Likewise, IATSE also is urging the federal government to step in to address the economic fallout for entertainment workers whose events and projects have been canceled because of the pandemic.

“Right now, thousands of our members across all sectors of the entertainment industry are suffering financial hardship because of government mandated cancellations. Entertainment workers shouldn’t be collateral damage in the fight against the COVID-19 virus,” said IATSE international president Matthew D. Loeb. “But this isn’t just about us. Economic studies demonstrate that entertainment spending reverberates throughout our communities nationwide. Film and television production alone injects $49 billion into local businesses per year, and the overall entertainment industry supports 2.1 million jobs in municipal and state economies.”

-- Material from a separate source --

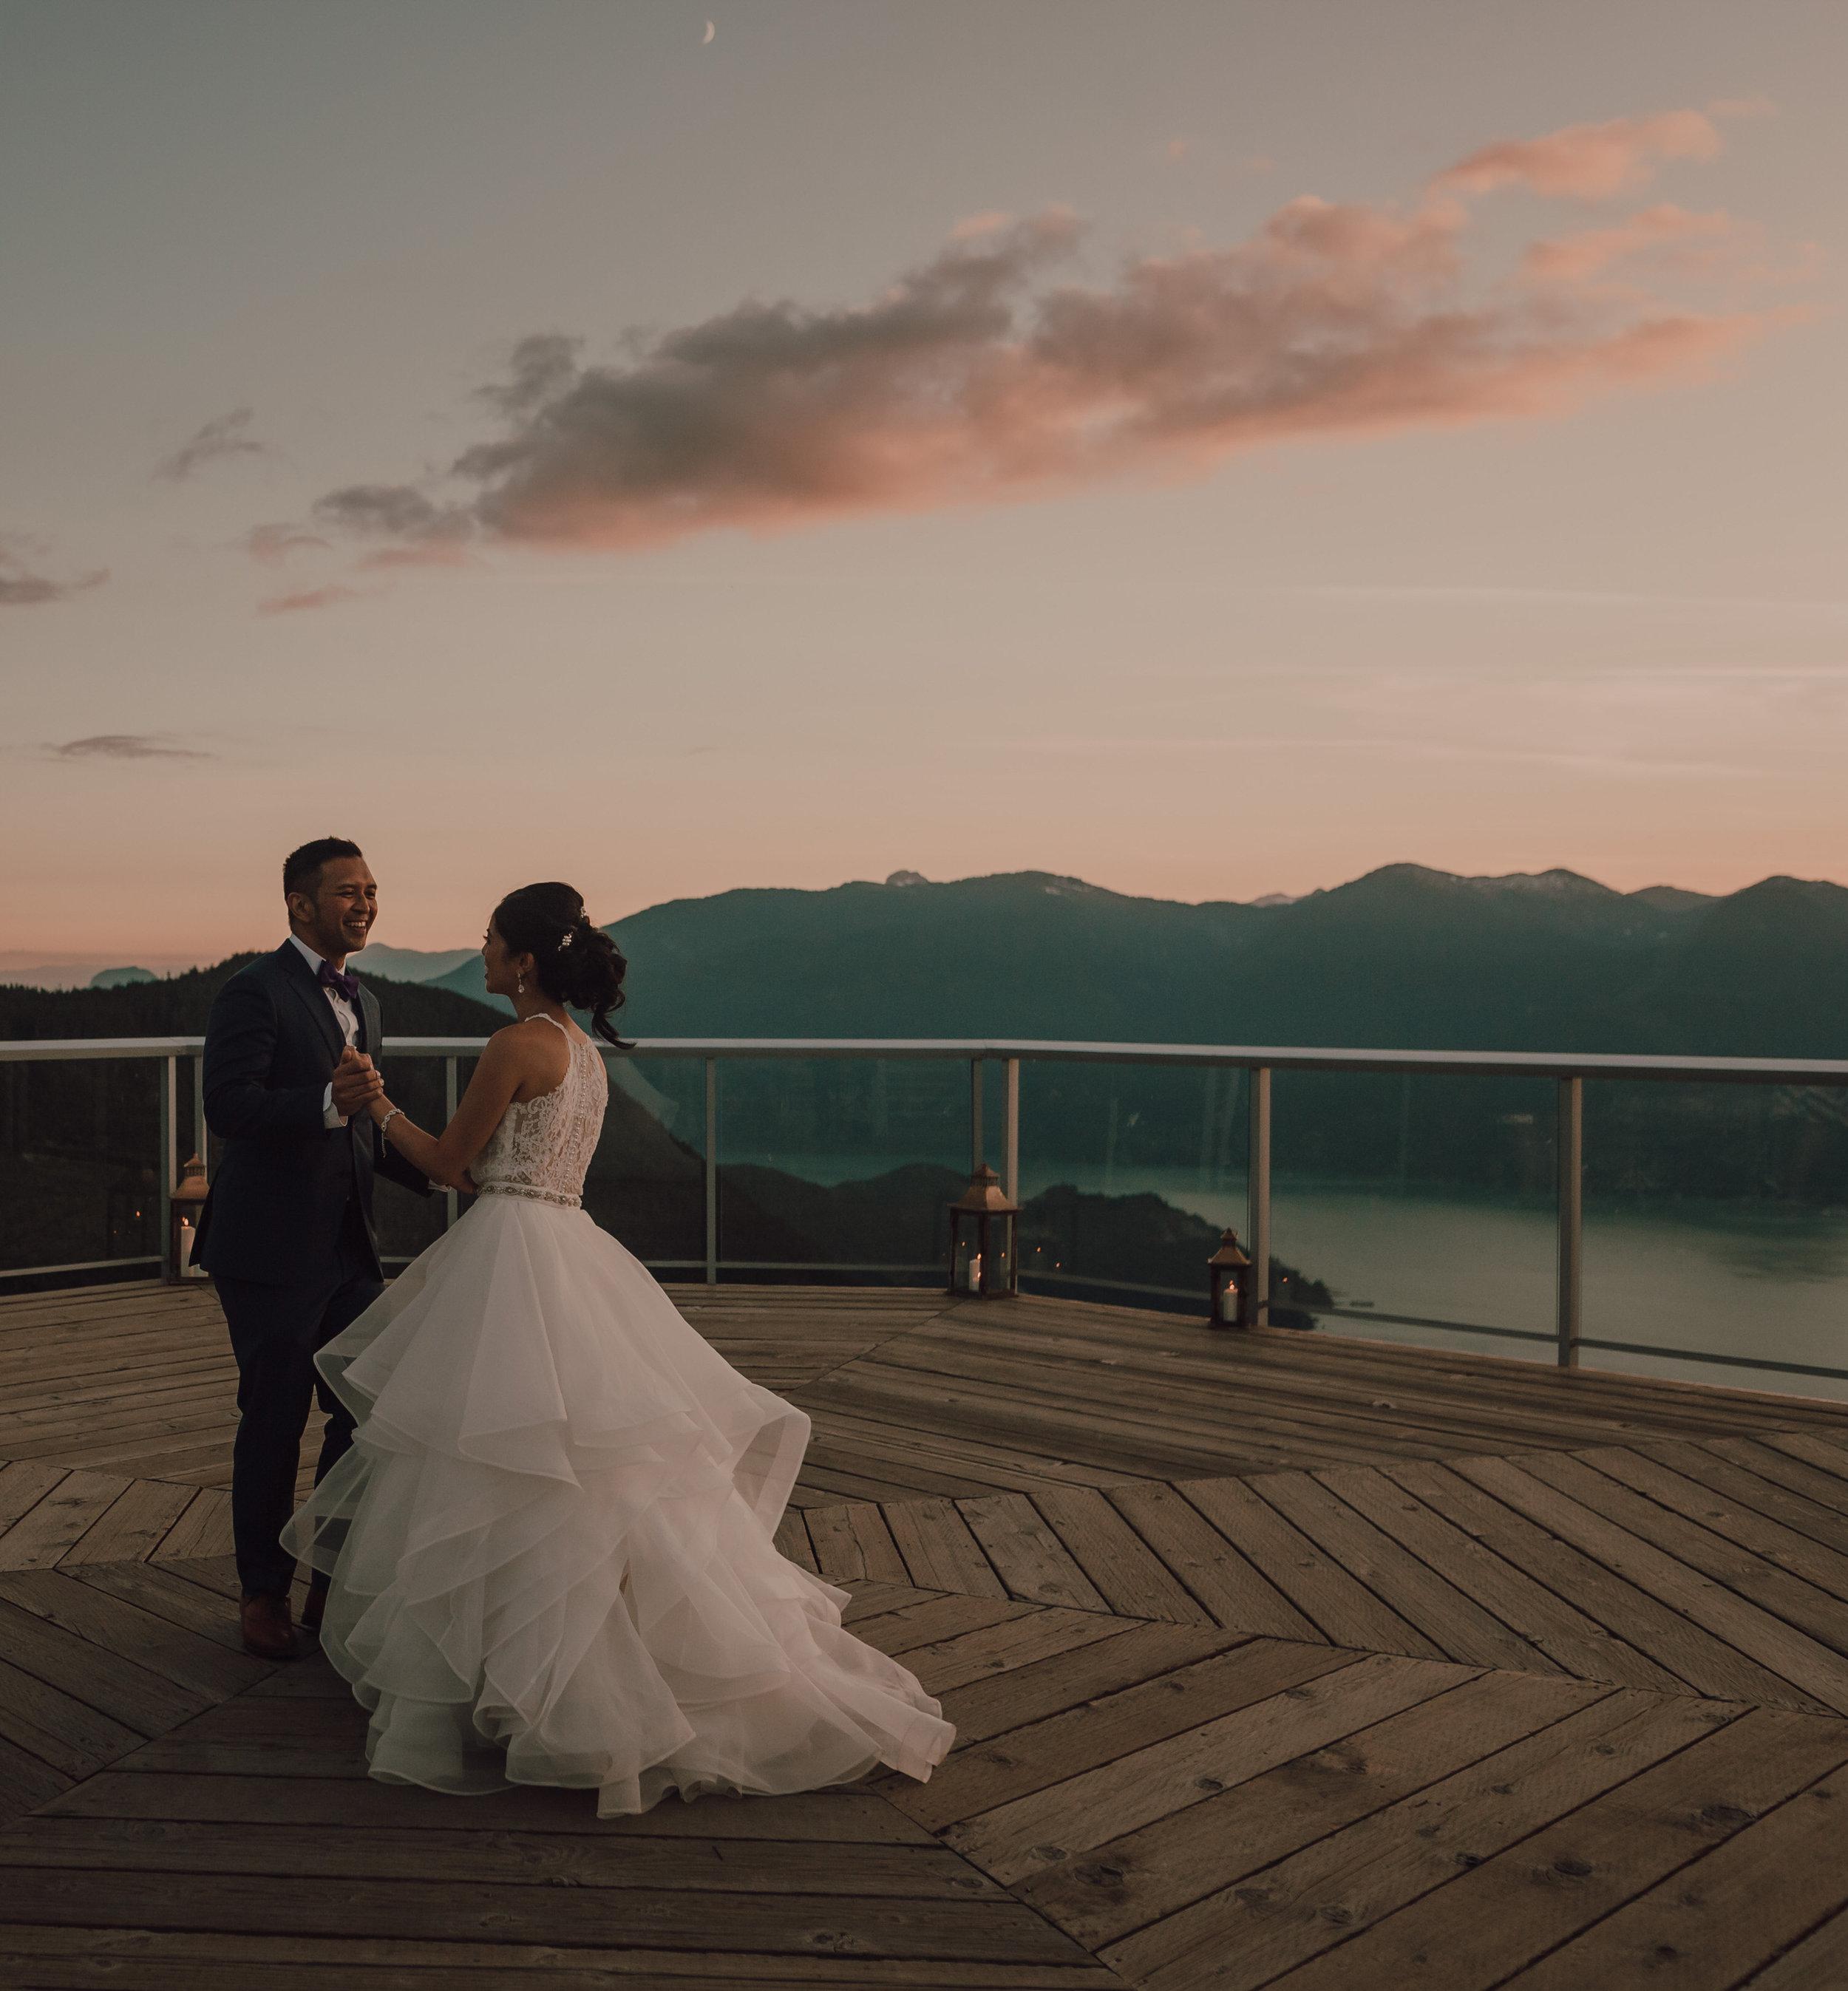 Squamish Wedding Photographer - Sea to Sky Gondola Wedding Photos -  Vancouver Wedding Photographer & Videographer - Sunshine Coast Wedding Photos - Sunshine Coast Wedding Photographer - Jennifer Picard Photography - IMG_5543.jpg

The American Federation of Musicians weighed in as well.

“To minimize the damage the virus response will have on musicians and other gig economy workers,” said union president Ray Hair, “AFM is calling on Congress and other lawmakers for immediate action to provide economic relief including expanding leave benefits, unemployment benefits, and an immediate moratorium on evictions, foreclosures and utility shut-offs.”

Other entertainment unions, notably SAG-AFTRA, the Directors Guild of America and the Writers Guild of America West and East, do not appear to have joined the calls for government relief.